Before applying at Lyne I was mainly focusing on heightening my learning curve in the field of Machine learning and Neural networks, working on personal projects as well as semester projects. I knew I had to apply as soon as I read that it’s an opportunity to see what a career in Machine learning and Data Science, has always intrigued me.
The first round was resume shortlisting, I was then qualified for the first technical round in which I was given a few business problems and asked to come up with a technical solution that could solve them and a few technical questions regarding data normalization and machine learning algorithms, for instance, given a dataset having an imbalance between the different classes what are the techniques you would adapt to tackle it. The feedback after this round was very positive, so I had my hopes high.
The next round was an HR round where one of the Co-founders of Lyne was also present to help me understand the business objectives of all the work that happens at lyne. A few days after I was provided with the offer letter and assigned a reporting manager along with the list of tasks.
When I started in May, I felt so unprepared and worried — everyone I spoke to was telling me how different work would be from my coursework. As a person that prides herself on preparing for everything, the idea of adapting quickly really freaked me out, but I realized soon that what these people were saying is true! Much of your job is truly based on what you learn while working.
As students, we’ve all asked ourselves the age-old question: “When am I ever going to need this in the real world?”, most often during an exam cram session or a particularly difficult homework problem. This summer, I’ve found that we do need those things in the real world — just in a different capacity.

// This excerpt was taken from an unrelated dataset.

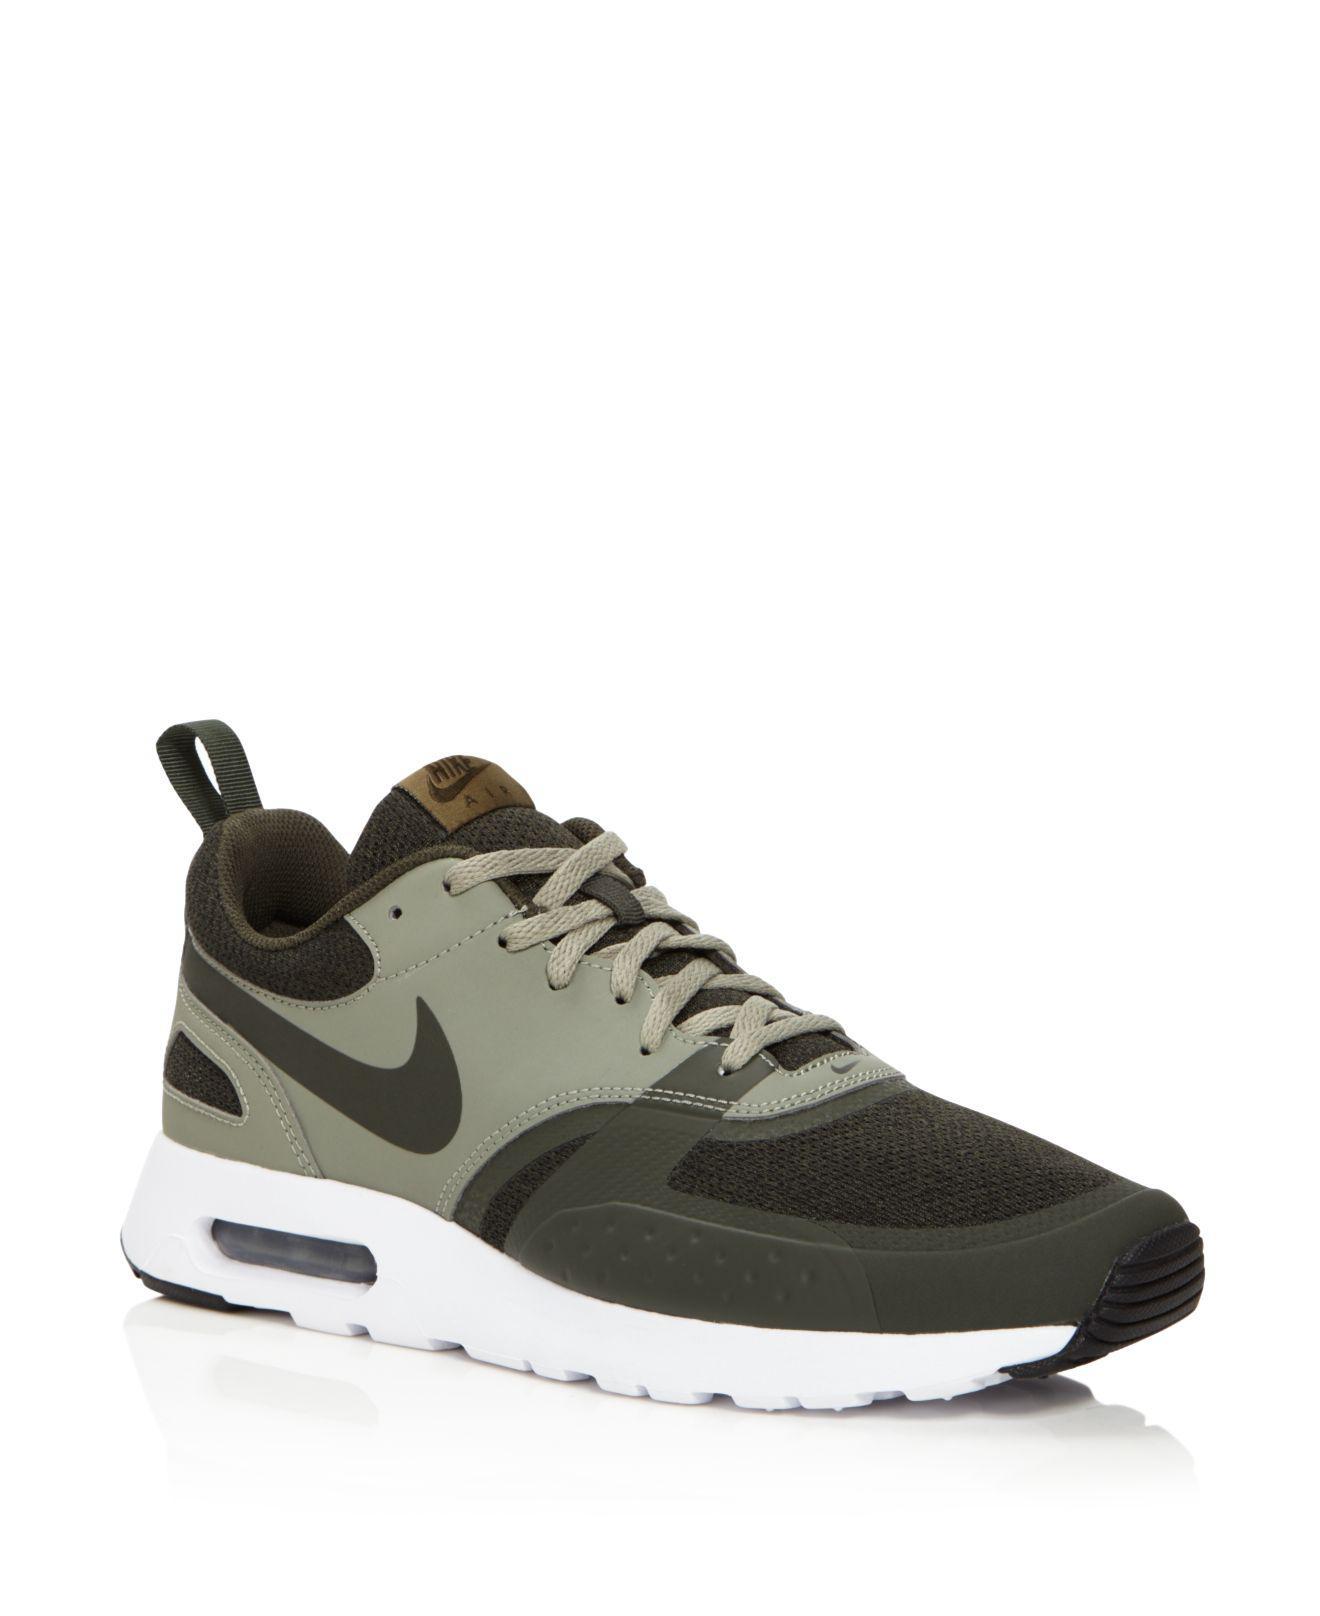 Nike Air Max Vision Se Low Top Sneakers in Green for Men - Lyst

The first month was somewhat like a probation period where I had to go through a lot of documentation and already developed codes from the other colleagues working there and understand them and try to think of ways to optimize those. Next, I was assigned a task to normalize and clean a huge dataset containing data of people, during this project I was introduced to various new technologies such as AWS Glue and other AWS services designed to cater to ETL tasks. Then my next project was to develop a script that can be used to predict the work email of a person if he joins a particular company by using the syntax data generated. I am currently working on creating a custom trained to classify whether a company produces a podcast or not.
My internship experience was out of this world, and I am so happy I was able to get a taste of what the “real world” is going to be like in two years’ time. I made so many amazing friends, completed challenging and fulfilling work, and got to do what I love every single day. If you’re an engineer thinking about doing an internship or co-op, take the opportunity. You won’t regret it, I promise!